Figure 7. Stability of various parts of the DCS and CURS complex. (a) DCS and CURS complex 3D model, which was colored by B-factor. (b) RMSF of each residue relative to the start model during the 50ns simulation of DCS. (c) RMSF of each residue relative to the start model during the 50ns simulation of CURS

Prediction of fusion protein pockets

In order to explore the catalytic mechanism of the constructed fusion protein to the substrate, the machine learning algorithm was used to predict the pocket of the fusion protein model, and the results showed that there were two pockets in the fusion protein, Pocket-1 was located in the curs part of the fusion protein, and Pocket-2 was located in the DCS part of the fusion protein.

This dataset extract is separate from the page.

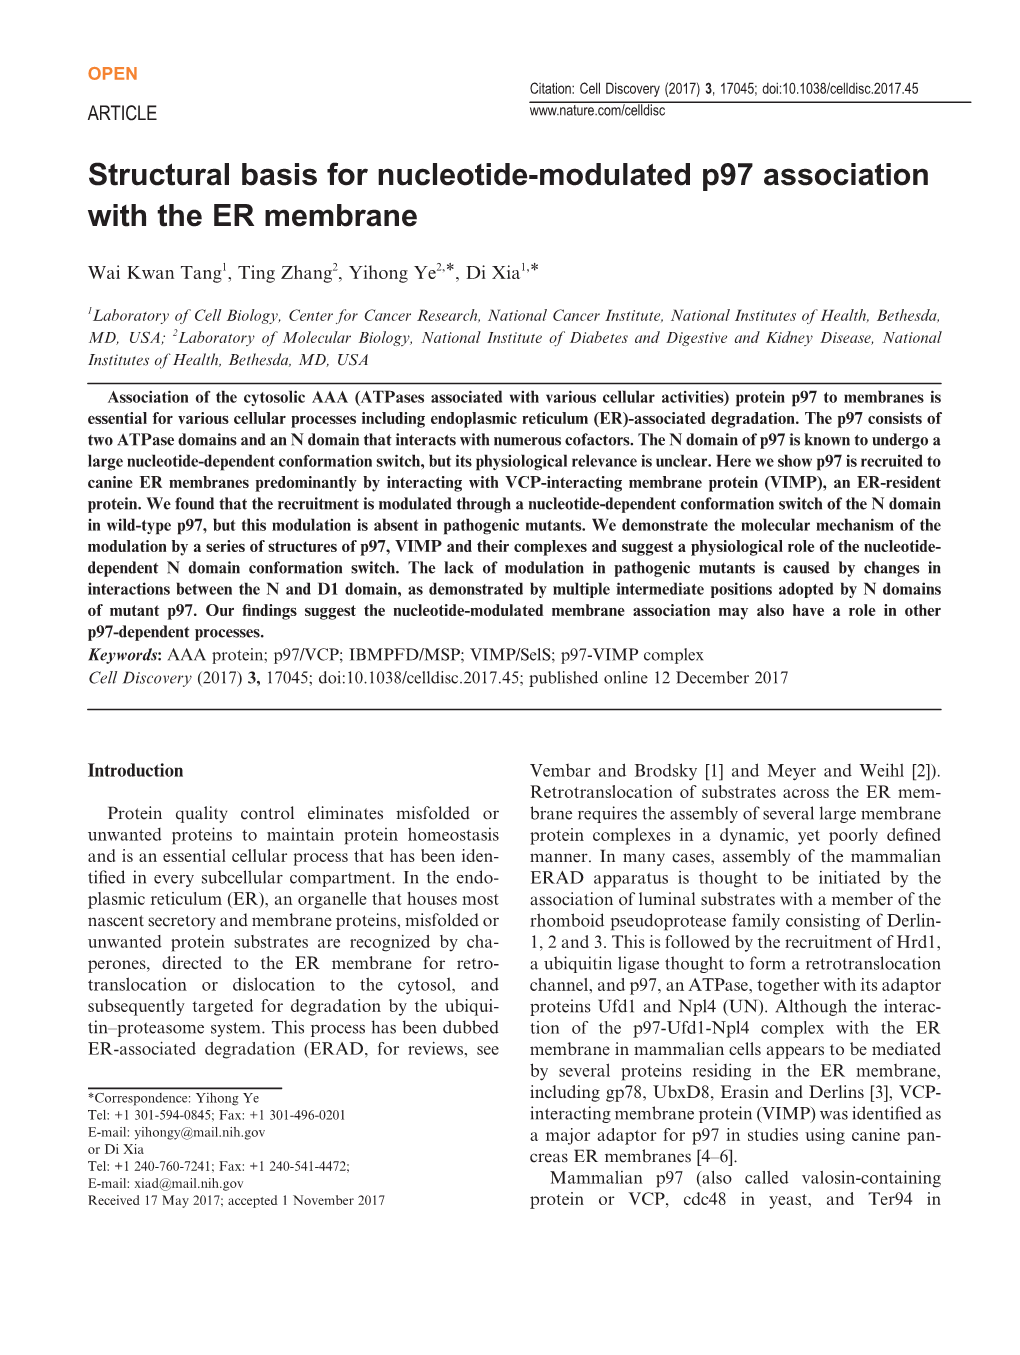 Structural Basis for Nucleotide-Modulated P97 Association with the ER Membrane

Figure 8. Use advanced machine learning algorithms to make pocket predictions for fusion proteins. Blue is Pocket-1, located in the CURS section, and red is Pocket-2, located in the DCS section

Molecular docking of fusion proteins to substrates

AutoDock Vina was used to pair the corresponding two sets of substrate molecules to the corresponding pockets of fusion proteins to obtain the predicted complexes between substrate molecules and fusion proteins.

Figure 9. Molecular docking results of substrate molecules and constructed fusion proteins. The blue ligand is beta ketoacid, the green ligand is Feruloyl CoA, and the orange ligand is Malony CoA. The figure shows the complex conformation of the receptor and ligand with the lowest binding affinity

Interaction of substrate with fusion proteins

Based on the docking results obtained, the possible interaction mechanism between fusion protein and various substrates was analyzed.The results showed that in Pocket-1, there was hydrogen bond interaction between beta-ketoacid and glycine at position 697 of fusion protein, Feruloyl CoA and glutamine at position 662. There is hydrogen bond interaction between lysine and other four amino acids at position 665.

Figure 10. Interaction patterns between residues and substrate molecules beta-ketoacid and Feruloyl CoA in the fusion protein Pocket-1

In Pocket-2, hydrogen bond interactions between multiple residues and substrate molecules were also observed, and salt Bridges were formed between some residues and substrate molecules.These residues played a key role in the catalysis of fusion proteins on substrate molecules. This provides theoretical guidance for further design and modification of fusion proteins.



Figure 11. Interaction patterns between residues and substrate molecules Malonyl CoA and Feruloyl CoA in Pocket-2 fusion protein

Reference

Bryant, P., Pozzati, G. & Elofsson, A. Improved prediction of protein-protein interactions using AlphaFold2. Nat Commun 13, 1265 (2022).
Katsuyama Y, Kita T, Funa N, et al. Curcuminoid biosynthesis by two type III polyketide synthases in the herb Curcuma longa. J Biol C h e m , 2009, 284(17): 11160-11170. Nat Commun 13, 1265 (2022).